Wherein, the clarification of objective information is extracted according to metadata structure.
4. the method for the video structural processing according to claim 1 based on goal behavior attribute, it is characterised in that institute State to the target into line trace, to obtain tracking result the step of further comprises：

To the target into line trace, record the time of the into or out monitoring node of target, and target pass through it is each A position, to form the movement locus of the target.
5. the method for the video structural processing based on goal behavior attribute according to claim 1, it is characterised in that described To the target into line trace, the step of to obtain tracking result after further comprise：Current monitor node will be left The structural data of the destination object is sent to cloud server.
6. the method for the video structural processing based on goal behavior attribute according to claim 1, it is characterised in that described The step of carrying out unusual checking to the target includes：

The light stream movable information of multiple characteristic points of the one or more targets of extraction, and according to the light stream movable information into Row cluster and unusual checking.
7. the method for the video structural processing based on goal behavior attribute according to claim 1, it is characterised in that described Abnormal behaviour further comprises：Run, fight, at least one of riot or traffic abnormity.

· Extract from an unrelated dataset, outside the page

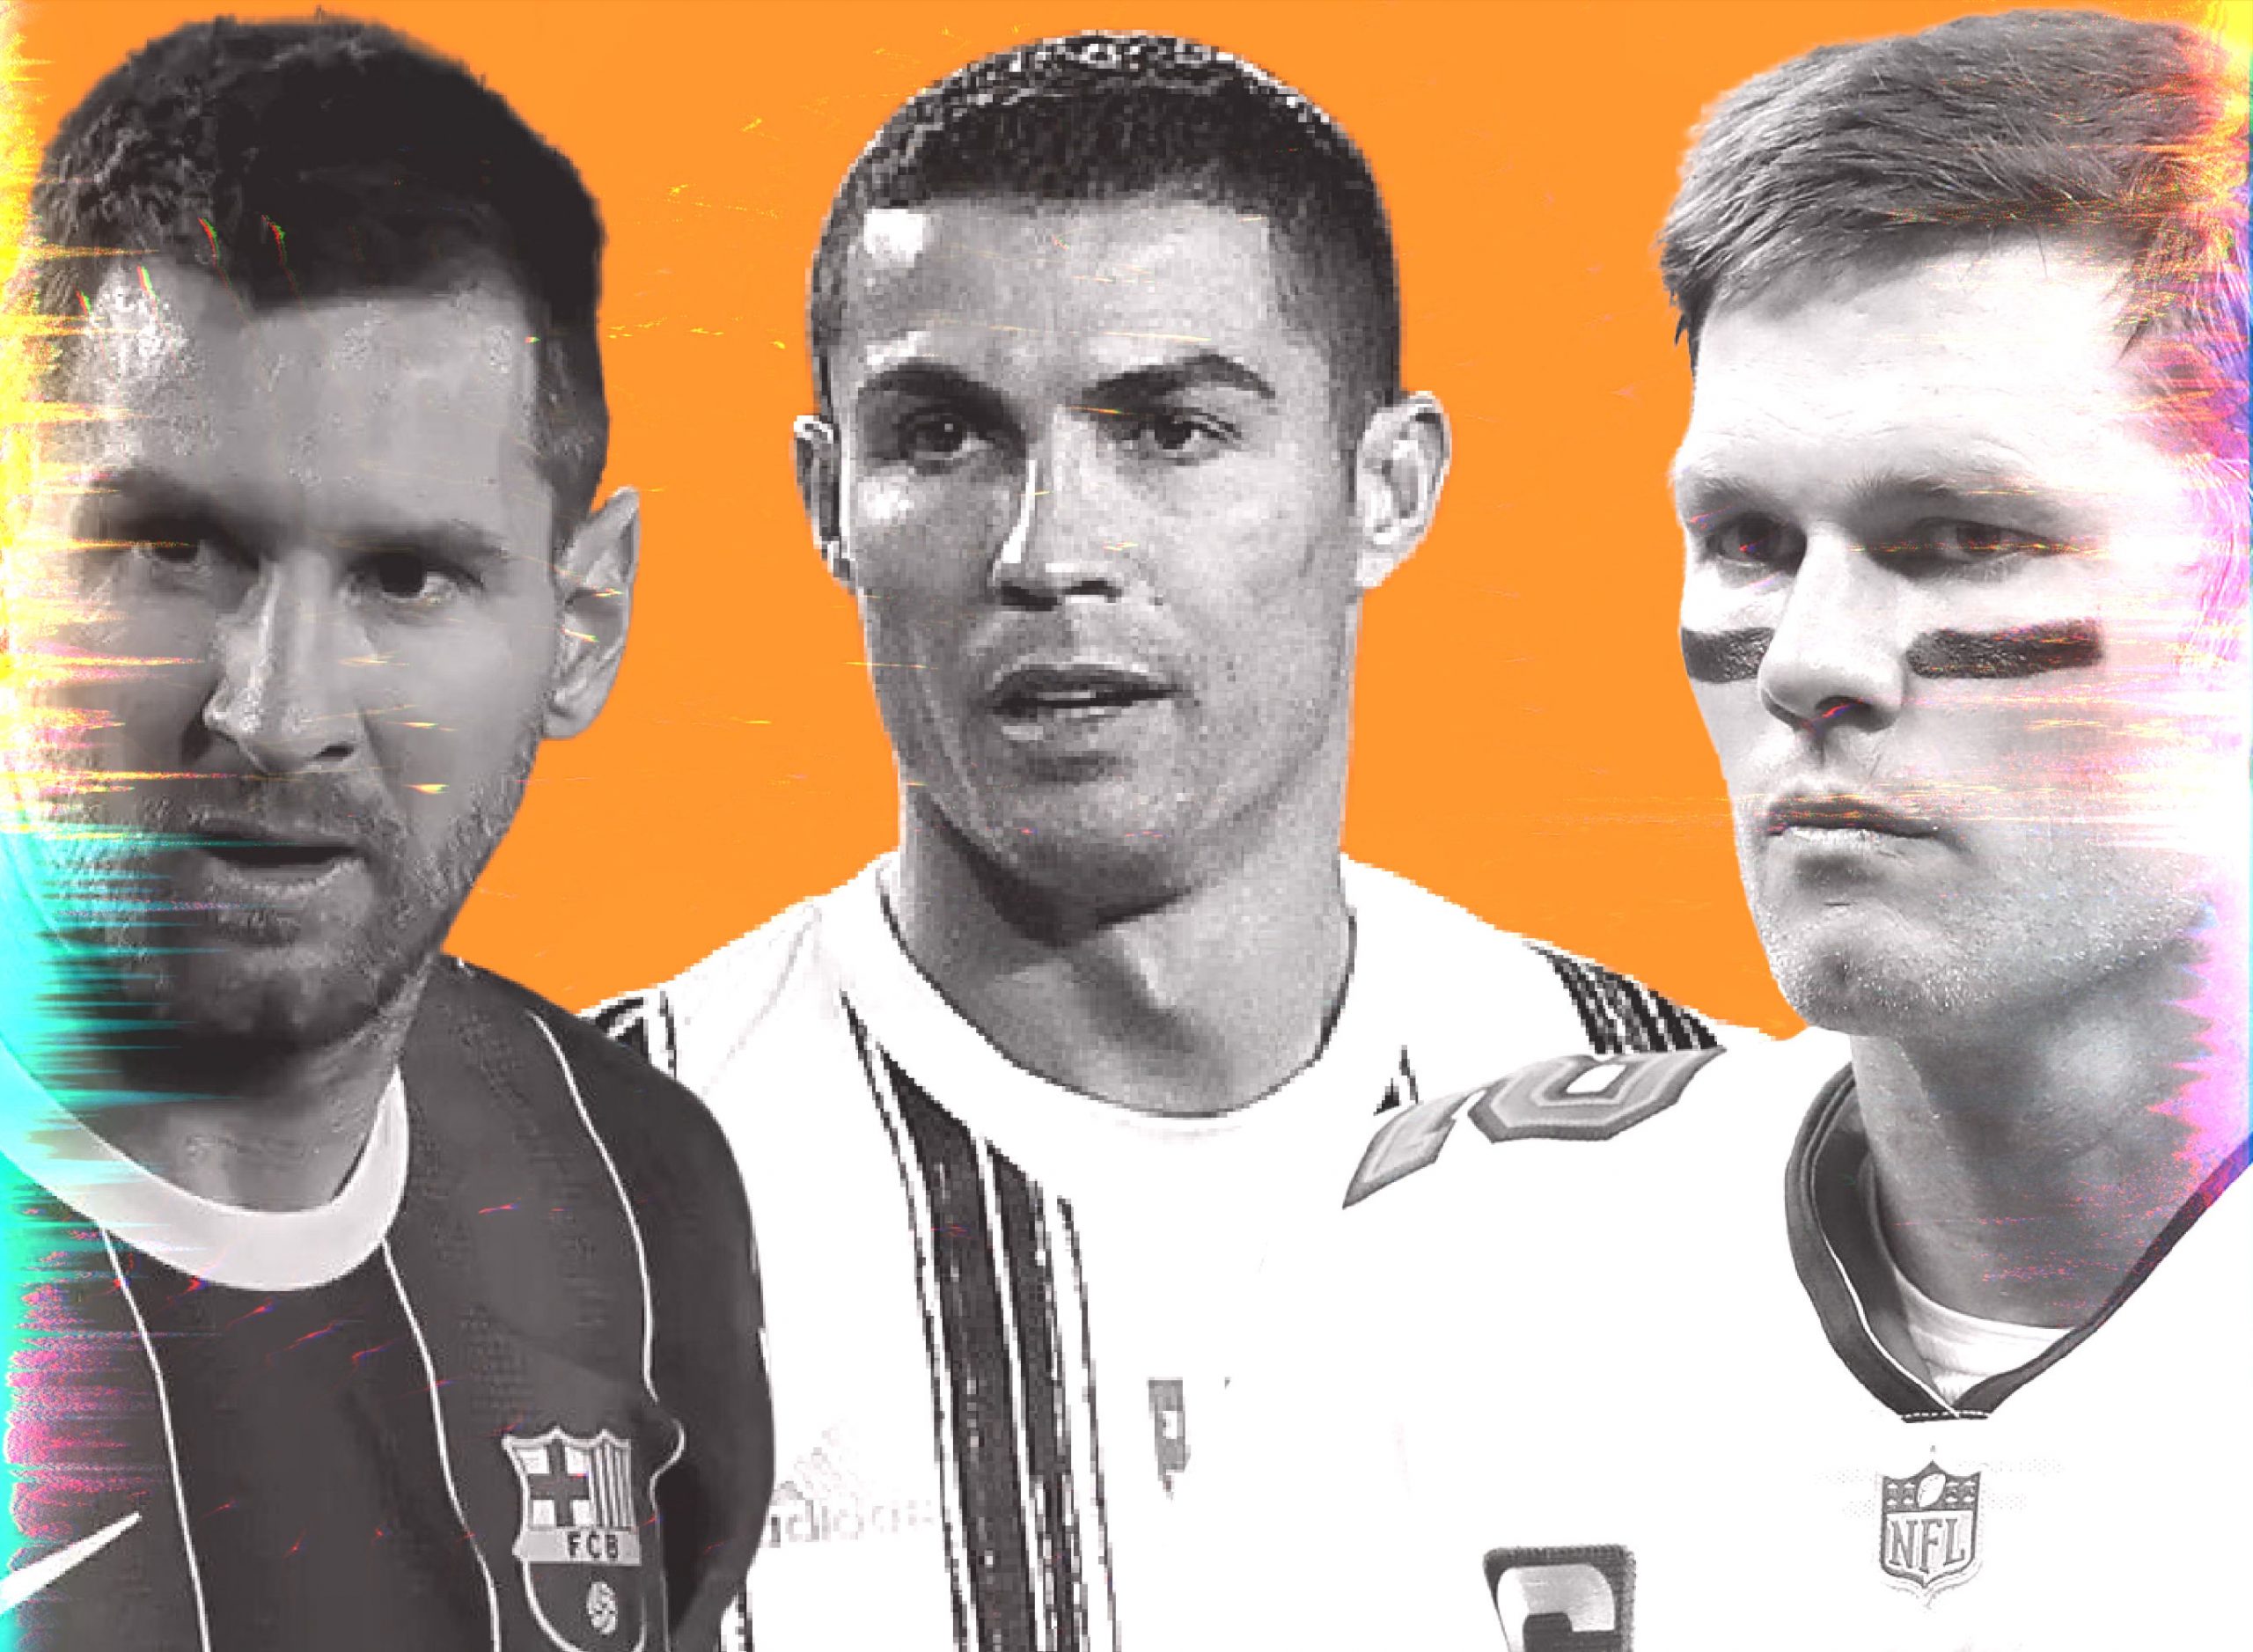 If you think Tom Brady is more famous than Messi and Ronaldo, please pull your head out of your a–

8. the method for the video structural processing based on goal behavior attribute according to claim 1, it is characterised in that described It is further comprising the steps of after the step of carrying out unusual checking to the target：If it is detected that the abnormal behaviour, then will Current video two field picture sectional drawing is preserved and sent to cloud server.
9. a kind of video structural processing system based on goal behavior attribute, it is characterised in that including what is be electrically connected with each other Processor and memory, the processor couple the memory, the processor at work execute instruction to realize such as power Profit requires 1~8 any one of them method, and the handling result that the execute instruction is produced is stored in the memory.
10. a kind of device with store function, it is characterised in that have program stored therein data, and described program data are performed Realize such as claim 1~8 any one of them method.